The town of Santa Barbara, little more than two hours of freeway driving up the coast from Los Angeles, is California’s most jealous curator of its Spanish heritage. While the great sprawling monster that was once leisurely known as El Pueblo de Nuestra Señora la Reina de los Angeles has lopped off all but the last two words of its historic name and surrendered itself to modern industry and smog, Santa Barbara seems to have decided that the twentieth century is the transient guest, and to be trying like a good housekeeper to keep things as much as possible the way the Conquistadors would like to find it when they come back. In the whole city not a tenth of the streets have North American names, the most conspicuous of them being State Street, which appropriately enough is the main stem of shops and offices and suchlike parvenu incursions. But flanking it are Chapala and Anacapa, and the streets crossing it ring with such names as Cabrillo, Figueroa, Ortega, and Gutierrez. And yet with all the Hispanic tradition there is also a social cult which leans towards institutions more commonly associated with the squirearchy of Old England, such as horse shows, flower shows, garden parties, fund-raising teas, and parochial fêtes like the one which had ensnared such an unprecedented patron as Simon Templar.

The better-looking half of the couple of old friends he was visiting had said firmly, “I’ve been roped into running the popgun shooting gallery all day long at this brawl, and the least you can do is drop by and relieve me for half an hour.” But when he dutifully showed up, she had inspected him again and said, “There’s a wicked gleam in your eye that makes me suspect that you’d be telling the kids to turn the popguns on the behinds of some of the passing dowagers. I’ll let you buy me a champagne punch instead, and introduce you to a pretty girl who’ll keep your mind on more grown-up ways of getting into trouble.”

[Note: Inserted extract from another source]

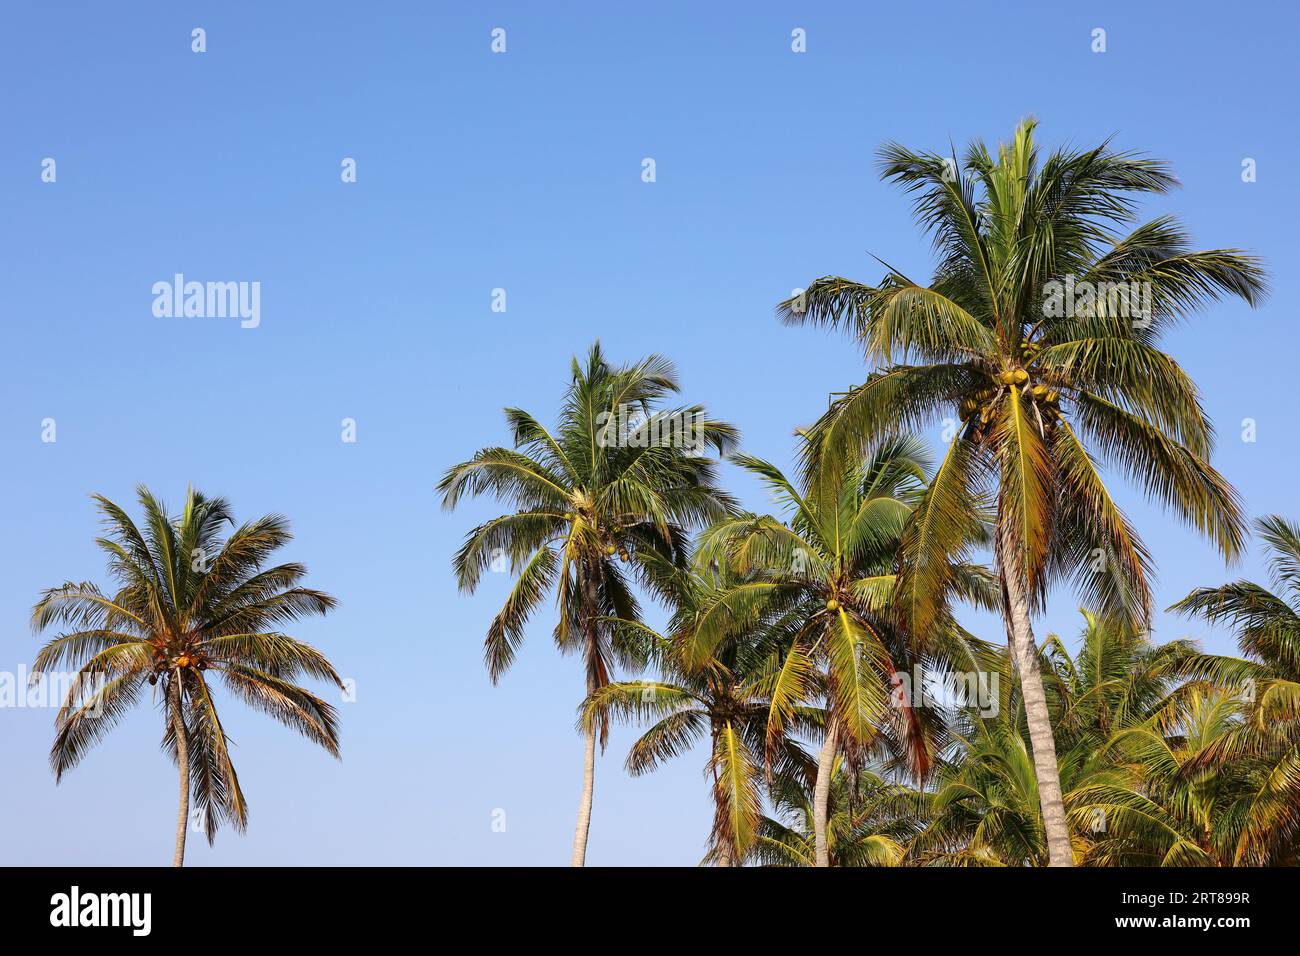 Kokospalmen auf blauem Himmel Hintergrund. Tropischer Strand, paradiesische Natur Stockfoto

Thus he had met Kathleen Holland, and, after his hostess had excused herself to hurry back to her stall, what might have been a more idly flirtatious encounter had become a half-serious discussion of the creepiness of Mr Alton Powls.

The Saint was almost automatically prejudiced against Mr Powls, but he could be impersonal enough to realize that Mr Powls might never even have squeezed his name into the conversation but for the reaction that the Saint’s own name evoked from most people who heard it. Kathleen Holland was a real estate agent and by all ordinary criteria a down-to-earth young business woman, but she was no less ordinary in assuming that the Saint was ready to take off like a bloodhound on any scent that was offered him. However, in her case the presumption was not so hard to take.

“You see,” she said, when she returned without the apron that was her badge of office, and was thereby transformed into another customer like himself, and they were strolling anonymously through the crowd in search of a more secluded place to continue the session, “I feel I’m partly responsible. I should have known there was something wrong when he asked so many questions about Aunt Flo.”

“The world seems to be infested with Aunts, too,” Simon observed philosophically. “But it isn’t necessarily a felony to ask questions about them. What has this one done?”

“Nothing, of course. I know you don’t live here, but when you meet her you’ll know how ridiculous that sounds. But you can say anything you think, because she isn’t really my aunt.”

Miss Florence Warshed, it appeared, was known to everyone within her social stratum in Santa Barbara as “Aunt Flo,” because that was the way she was known to the two nieces who lived with her, and that was the way she liked it, and whatever Aunt Flo liked had a way of becoming the way things were done, at least in her nearest vicinity.